As well as the Fed’s cautious stance on rates, the poor showing by the anti-EU Freedom party of Geert Wilders and in this week’s poll in the Netherlands supported the single currency.
“The Dutch election was a reminder that the world is not always full of surprises and in turn helped to further calm jitters over the upcoming French election,” said Divyang Shah, global strategist at IFR Markets. “After the FOMC/Dutch election combination, the implied [European equity] volatility index sank close to record lows. The lack of volatility can be seen not only in equity markets but also in bond and FX markets, where measures of implied volatility have fallen sharply.
“It simply has not paid to take a negative view on the market, and this continues to be the case.”
US equities were largely unfazed by the Fed’s move, with the S&P 500 rallying to within striking distance of its record close before edging back slightly. In early afternoon trade on Friday it was flat on the day at 2,381 and up 0.4 per cent for the week.
The pan-European Stoxx 600 index rose 0.2 per cent to a 15-month peak as the French and Dutch stock markets climbed to multiyear highs. London’s FTSE 100 ended the week at a record high.
Emerging market stocks were heading for their best week in eight months.
Japan’s Topix index fell 0.4 per cent and in China the Shanghai Composite shed 1 per cent, giving back all of the previous day’s advance.
In Hong Kong, the benchmark Hang Seng index was up 0.1 per cent as falls in consumer discretionary stocks were offset by a rally in telecoms.
Yields on benchmark Dutch and French government bonds — which move inversely to the price — fell during the course of the week as that on the German 10-year Bund shed 6bp to 0.43 per cent.
US Treasuries put in a strong showing after the conclusion of the central bank meeting. The 10-year yield was down 3bp on Friday at 2.50 per cent — 8bp lower on the week and 13bp below a midweek intraday high.

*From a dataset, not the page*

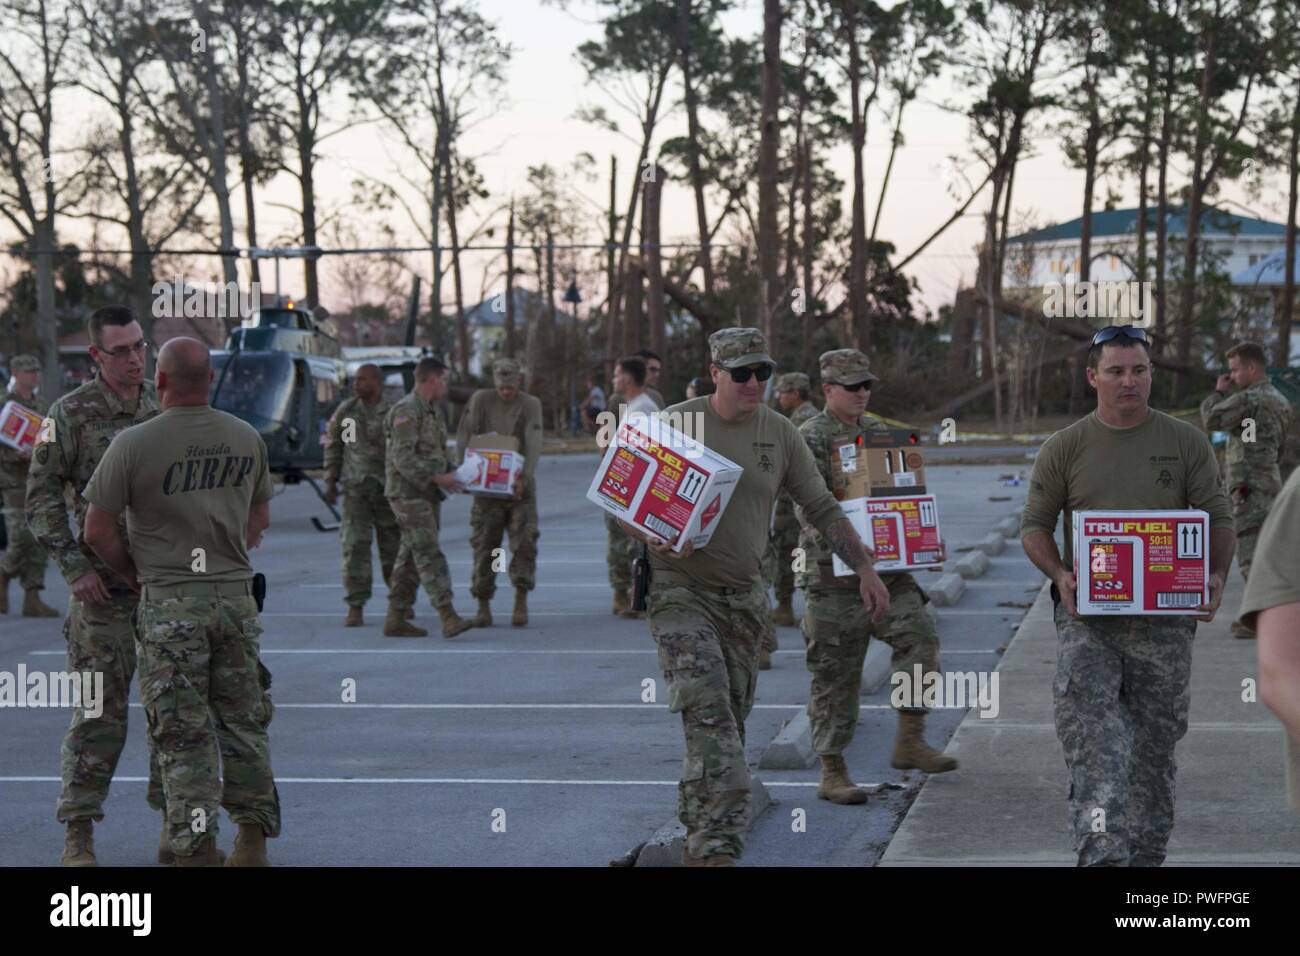 Members of the Florida National Guard's CERF-P (Chemical, Biological, Radiological, Nuclear and high-yield Explosive (CBRNE) Enhanced Response Force Package) unit offload supplies that need to be replenished as they continue their hurricane relief efforts in Florida's panhandle, Oct. 13, 2018, October 14, 2018. Hurricane Michael decimated the panhandle as it made landfall, which left hundreds of thousands people without power, food or water. () Stock Photo

Oil prices steadied after hitting three-month lows this week amid concerns about swollen US crude inventories and Saudi Arabia’s commitment to output cuts.
Brent, the international benchmark, was down less than 0.1 per cent at $51.71 a barrel — but up 0.7 per cent on the week and well off Tuesday’s $50.25 low.
Gold benefited from the soft dollar, rising $3 to $1,229 an ounce for a weekly gain of $24.